Lundin to Spin-Off Norwegian and UK Business Units

Lundin Petroleum AB intends to spin-off its Norwegian and UK businesses into a newly formed Norwegian company called Viking Oil and Gas ASA (Viking).

Transaction Proposed Structure
Lundin Petroleum intends to launch an initial public offering (IPO) of the Viking shares and to seek a listing of the Viking shares on the Oslo Stock Exchange (OSE). Viking is currently a wholly-owned subsidiary of Lundin Petroleum. Through the IPO Lundin Petroleum proposes to offer 50.01 percent of the Viking shares to the public at a price to be determined and retain a substantial shareholding, 49.99 percent, in Viking. The IPO is expected to be completed before the end of the second quarter of 2007.

It is the intention of Lundin Petroleum to distribute the majority of the proceeds of the sale of its shareholding in Viking to shareholders. The timing and the form of this distribution will depend on the size and timing of the IPO. Viking will not receive any proceeds from the IPO.

As previously announced to shareholders, Lundin Petroleum has been reviewing strategic options in relation to its Norwegian and UK assets with the objective of finding ways to potentially unlock Lundin Petroleum shareholder value. Lundin Petroleum believes that this proposed spin-off and IPO transaction, if completed, will crystallize the value of the Norwegian and UK business with its substantial reserves and resources base, high impact exploration portfolio and strong management teams.

Viking would become a new Norwegian independent oil and gas exploration and production company, well-positioned to take advantage of growth opportunities on the Norwegian and UK continental shelves (NCS and UKCS). Viking would offer investors a new vehicle with a balanced portfolio of producing, development and exploration assets in the North Sea as well as exploration assets in the Barents Sea. The assets to be held by Viking have strong operating cash flow to enable Viking to use its internally generated funds to finance its own growth via asset developments and exploration. Viking has an extensive inventory of potential developments, discoveries and prospects. We believe that the new company will be amongst the largest Norwegian independent oil and gas companies after Statoil/Norsk Hydro in terms of production and North Sea reserves.

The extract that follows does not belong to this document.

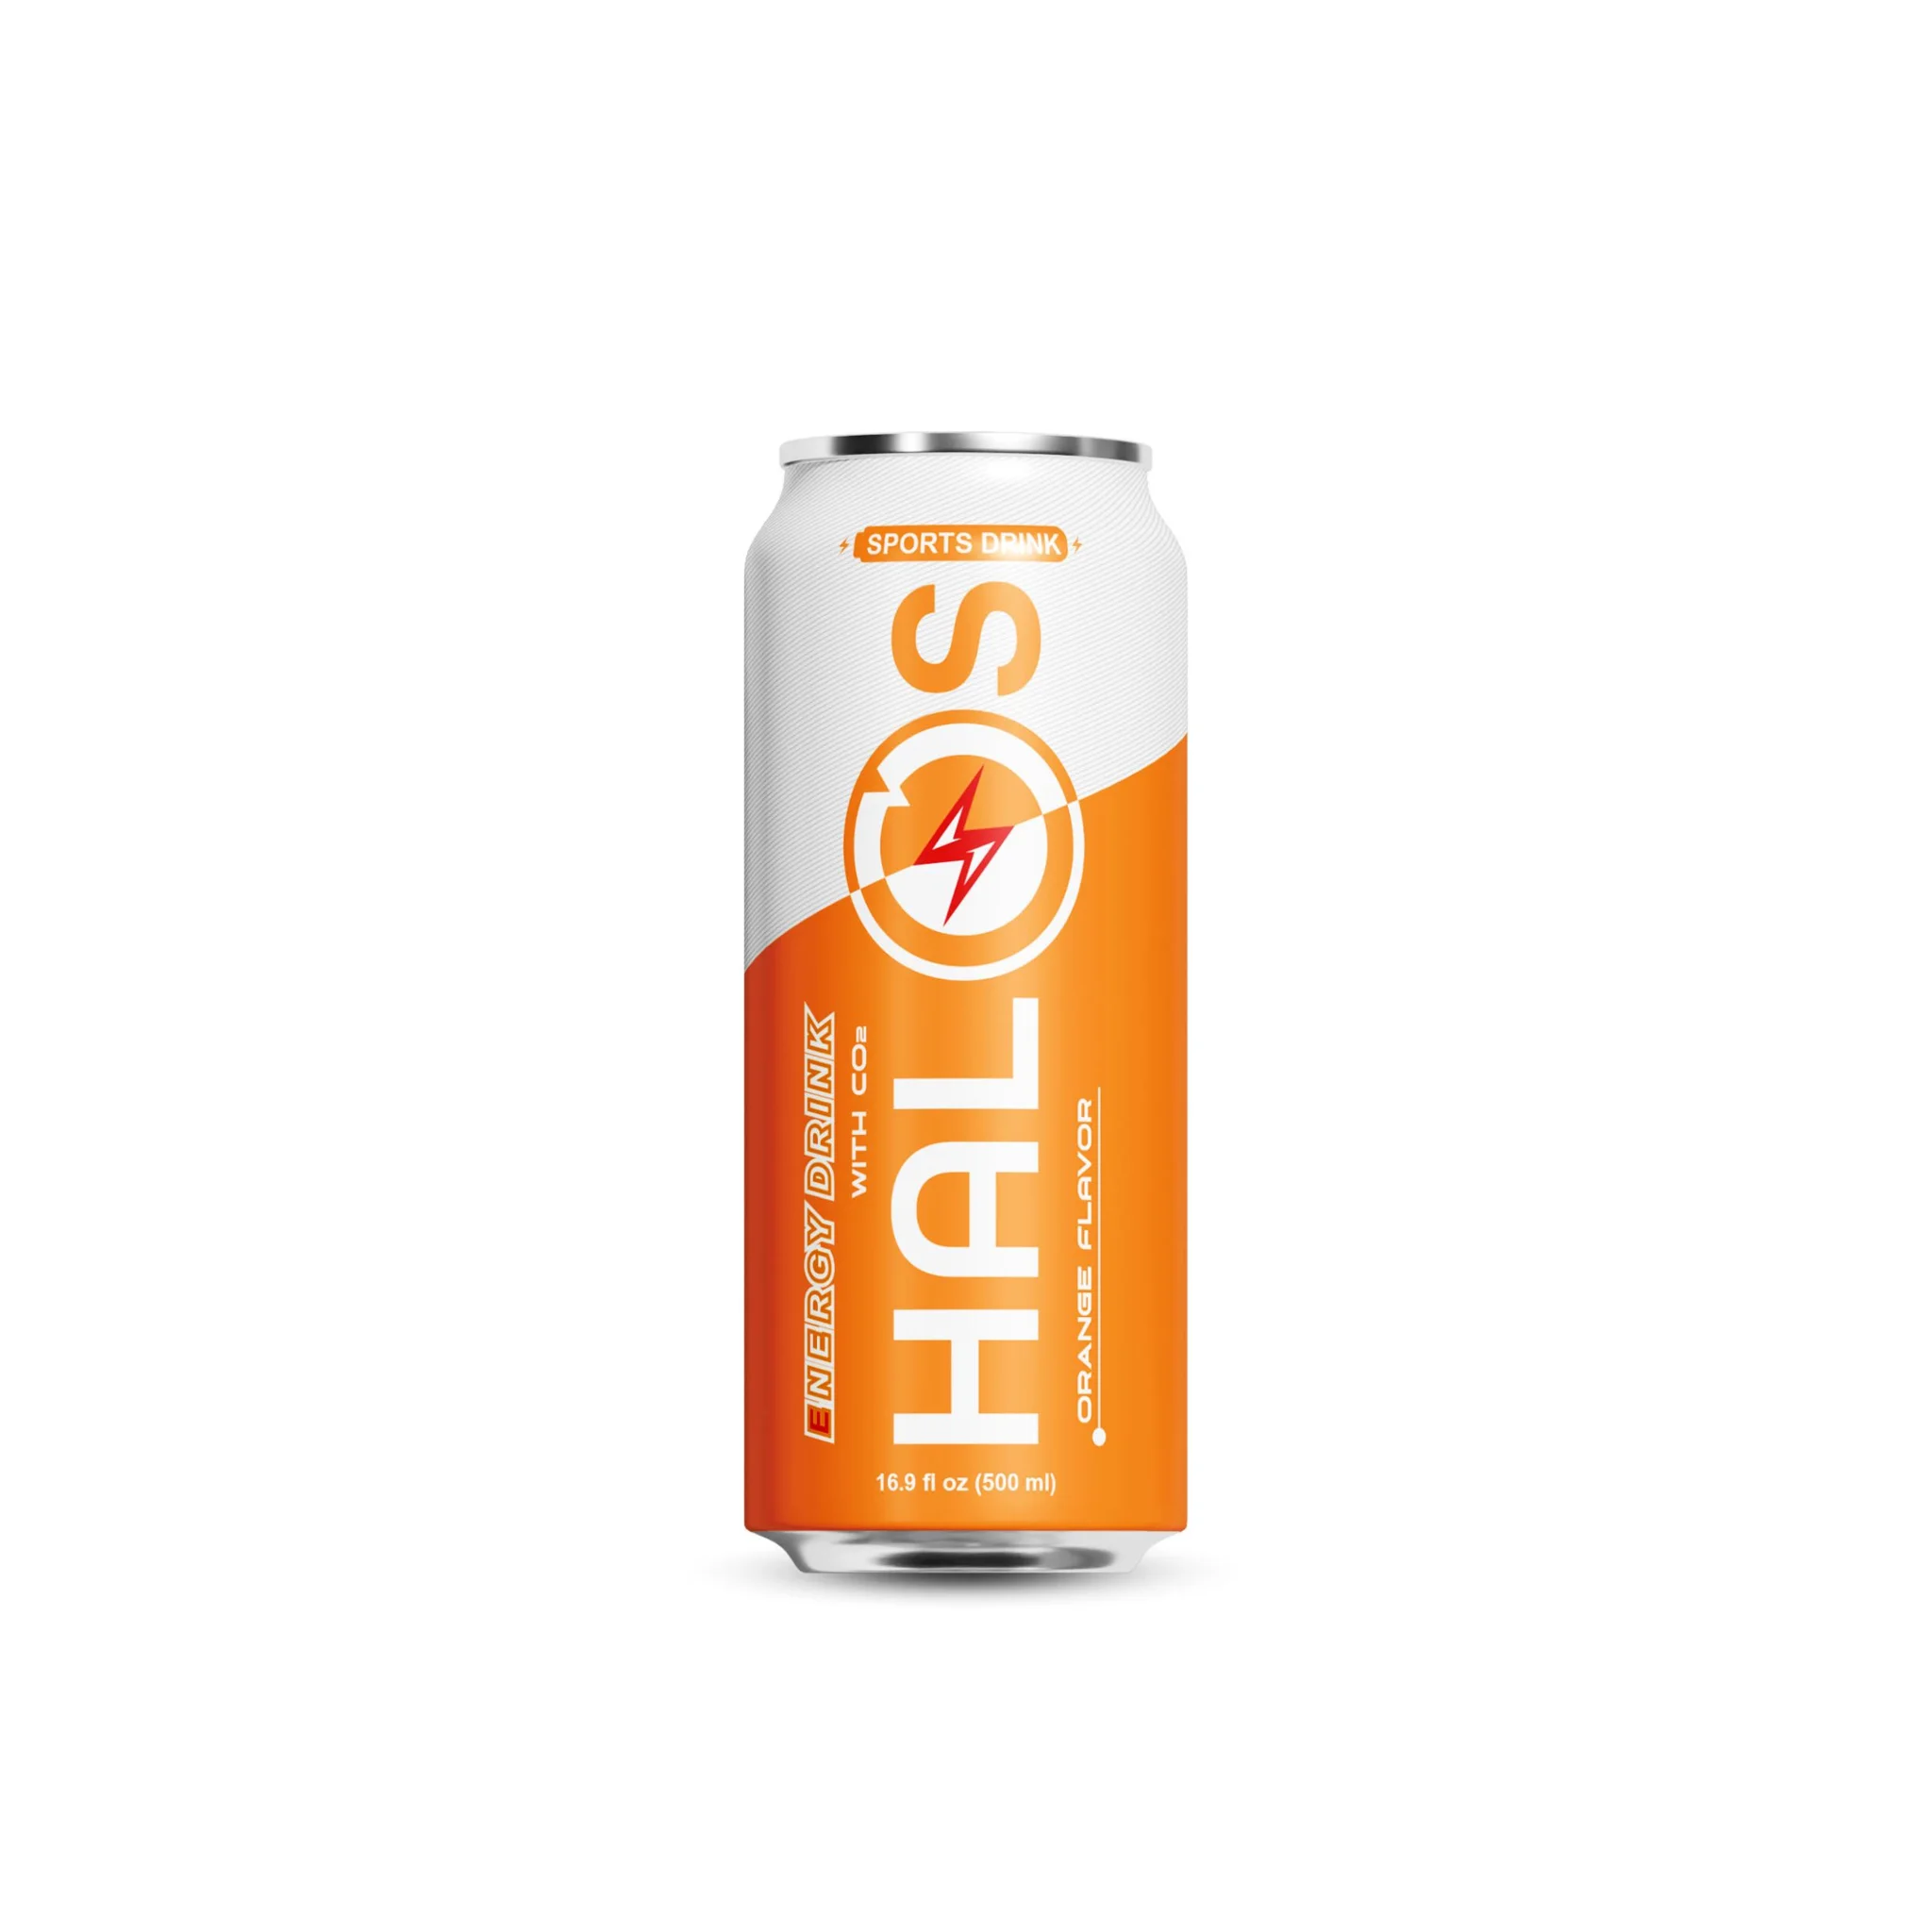 Halos/OEM Energy Drink Pineapple Flavor in 330ml Can

Lundin Petroleum would continue to own and operate its remaining portfolio of international oil and gas assets with production in Tunisia, Russia, Indonesia, France and the Netherlands as well as a diverse portfolio of exploration assets. This spin-off and IPO transaction would downsize Lundin Petroleum with even stronger leverage to success in relation to its high potential exploration drilling program and new deal opportunities.

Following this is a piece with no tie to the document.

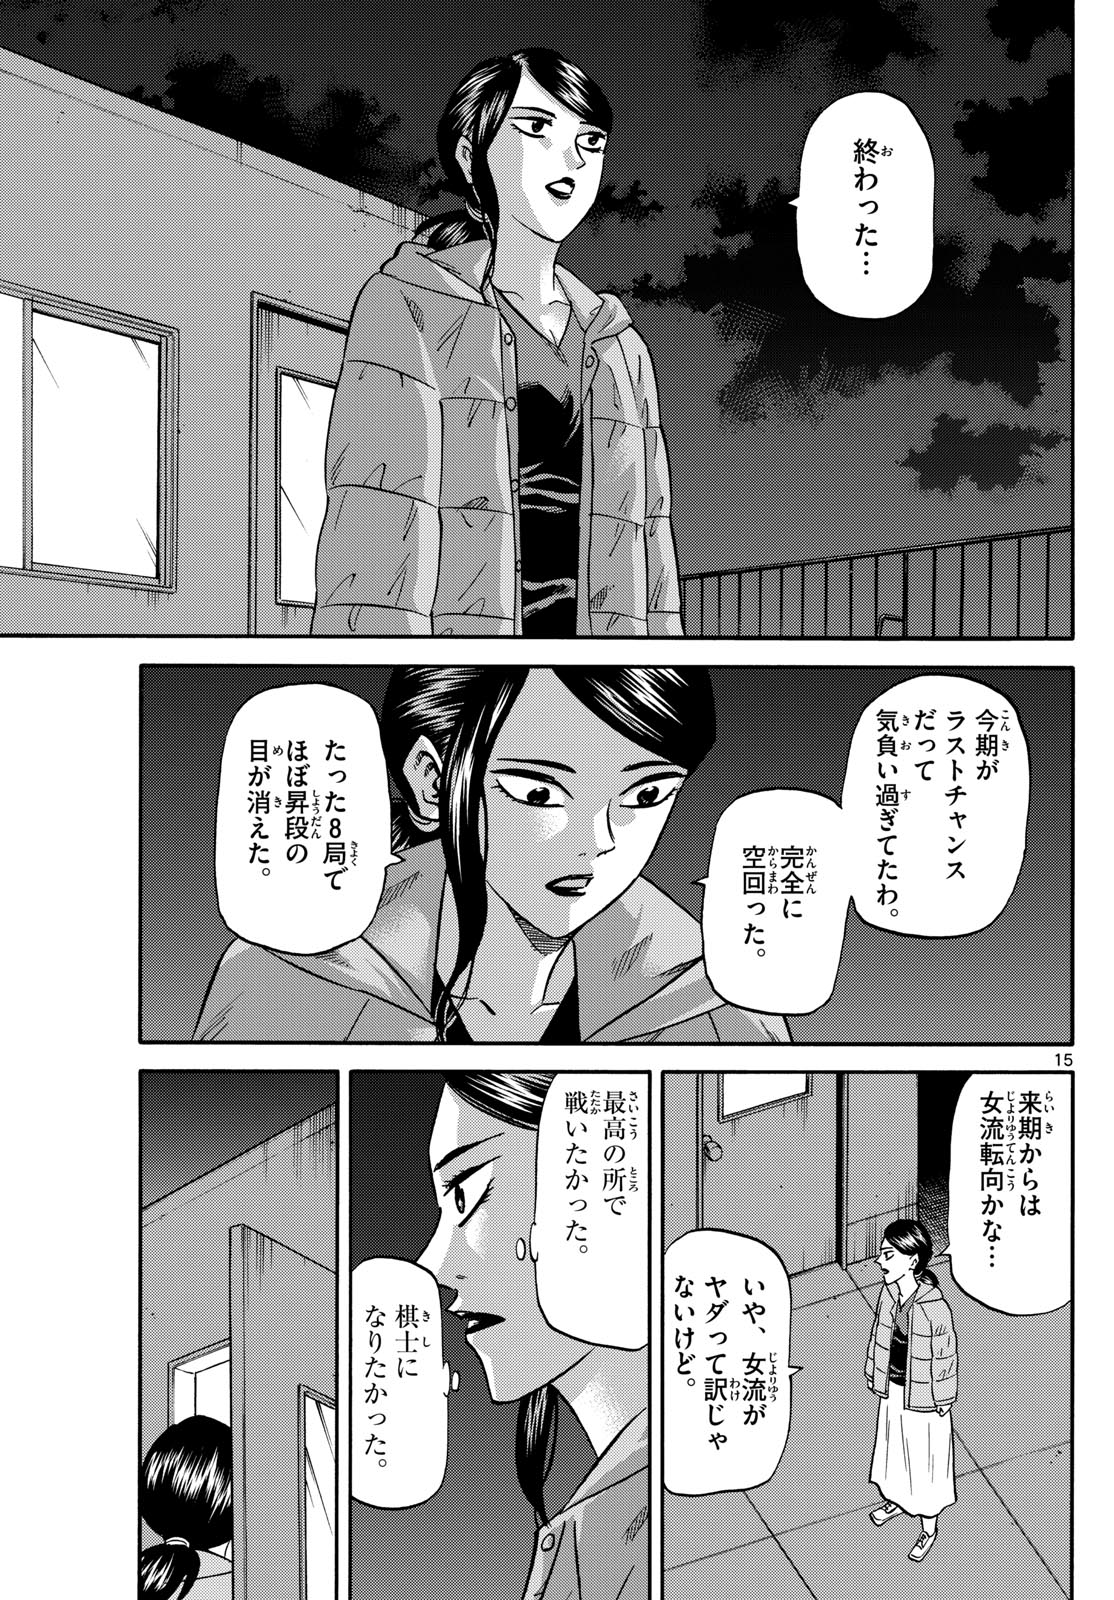 Tatsu to Ichigo - Chapter 172 - Page 15

Viking will have its head office in Oslo, Norway, with an office in Aberdeen, UK. The CEO of Viking will be Torstein Sanness, the current Managing Director of Lundin Petroleum's NCS operations, and the COO of Viking will be Alan Curran, the current Managing Director of Lundin Petroleum's UKCS operations. Ashley Heppenstall, President and Chief Executive Officer of Lundin Petroleum, will be a non-executive director of Viking. As at 1 January 2007, a total of 96.6 million barrels of oil equivalent (mmboe) of net proved and probable reserves were attributed to the NCS and UKCS assets to be held by Viking as well as 99.4 mmboe of net contingent resources and 974 mmboe of net unrisked prospective resources. Forecast production from Viking assets in 2007 is greater than 20,000 boepd.

Ashley Heppenstall, President and CEO of Lundin Petroleum, comments:
"The spin-off of our Norwegian and UK assets into Viking will crystallize the underlying value of this business with its substantial resource base and organic growth potential. Lundin Petroleum will seek to continue to create value to shareholders through its proven strategy of exploration and deal making."

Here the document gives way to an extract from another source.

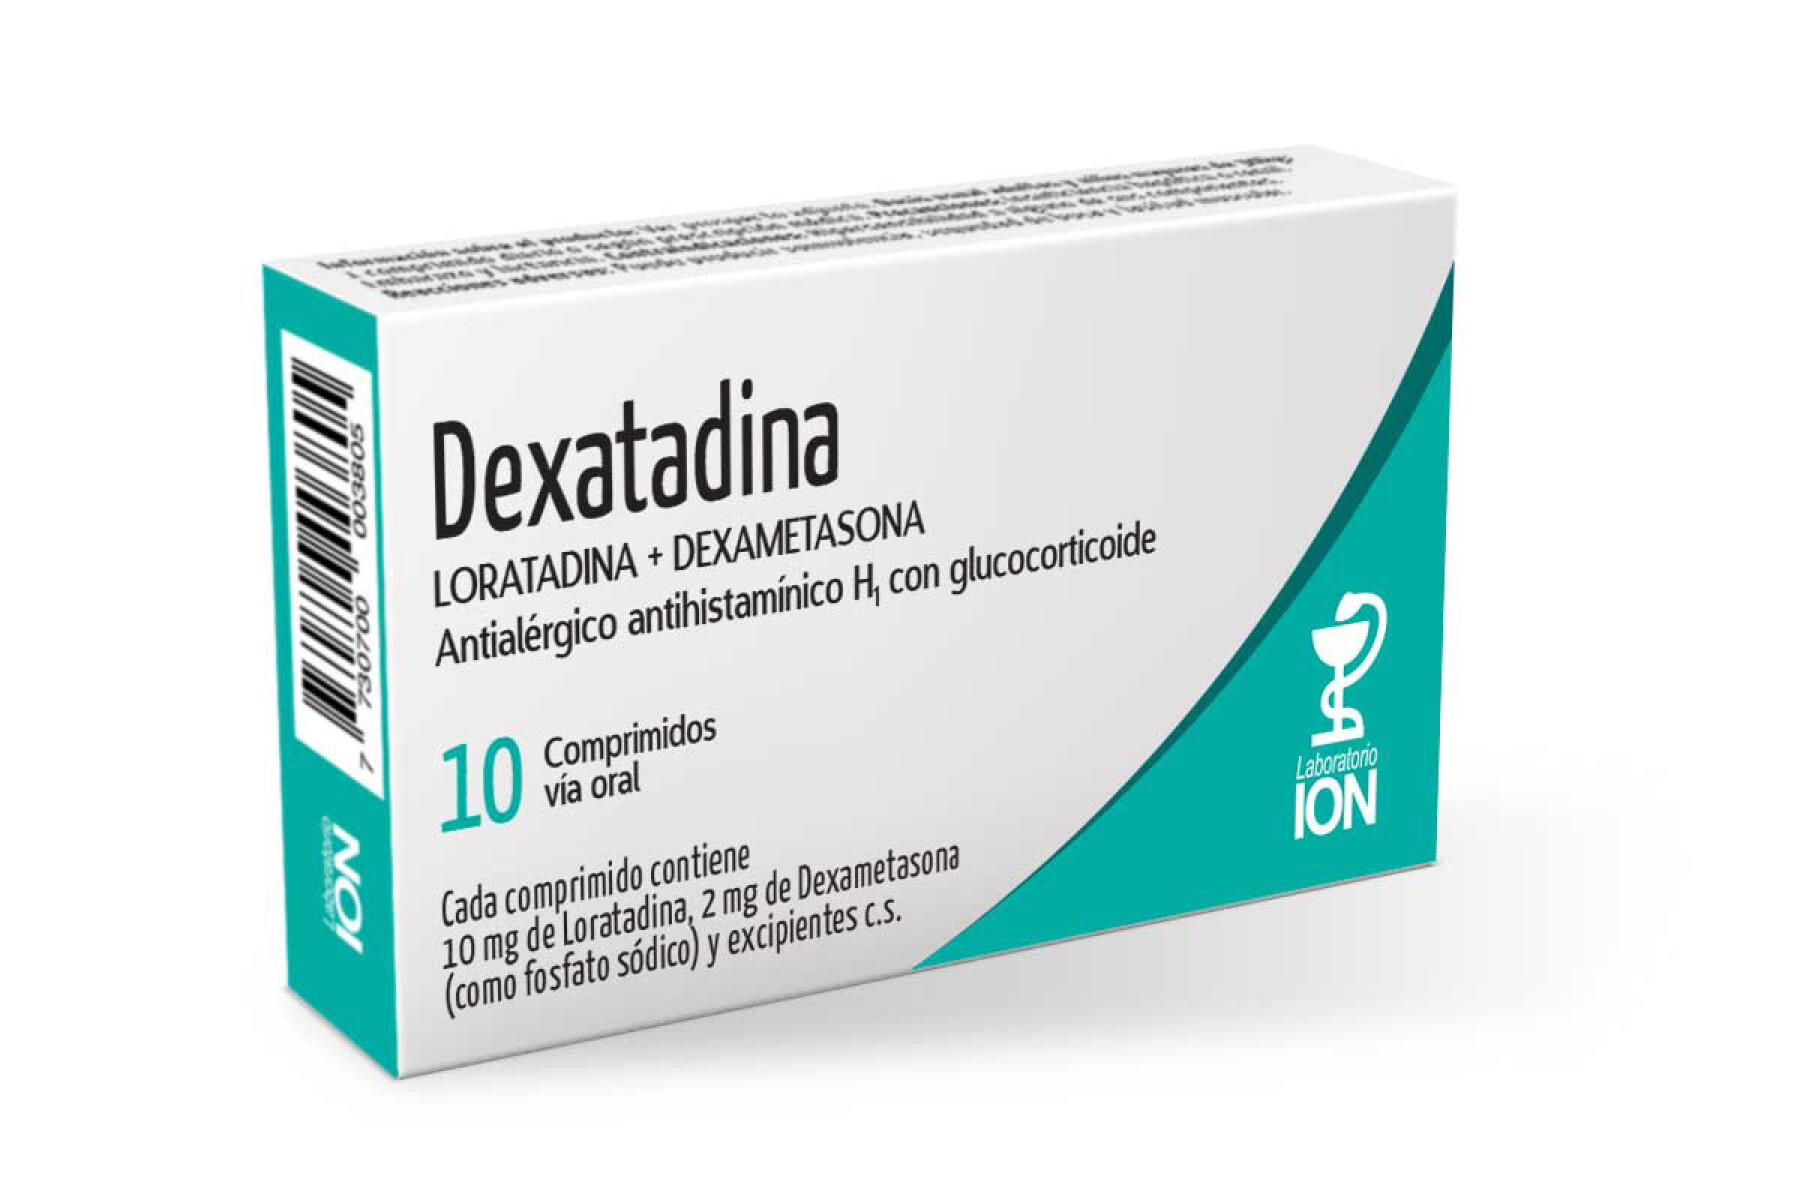 Dexatadina

Torstein Sanness, President and CEO of Viking Oil and Gas, comments:
"We are very excited about the prospects for Viking. We start from a very strong production and resource base as well as a technical team with a proven track record of creating value. We have an exciting growth story – and we expect production to grow from existing projects to approximately 30,000 boepd as a result of the Alvheim development. Furthermore we have discoveries with the potential to further increase this to over 60,000 boepd. In addition our high impact exploration portfolio with secured rig capacity can have a significant impact on our reserve base."

The IPO and listing of the Viking shares on the OSE remains subject to a number of conditions, including government approval in Norway and the UK, approval of the shareholders of Lundin Petroleum at an extraordinary general meeting and approval of the OSE.

ABG Sundal Collier and Deutsche Bank have been appointed as Joint Bookrunners and Joint Global Co-ordinators, and DnB NOR, SEB Enskilda and Öhman as Co-Lead Managers in connection with the IPO.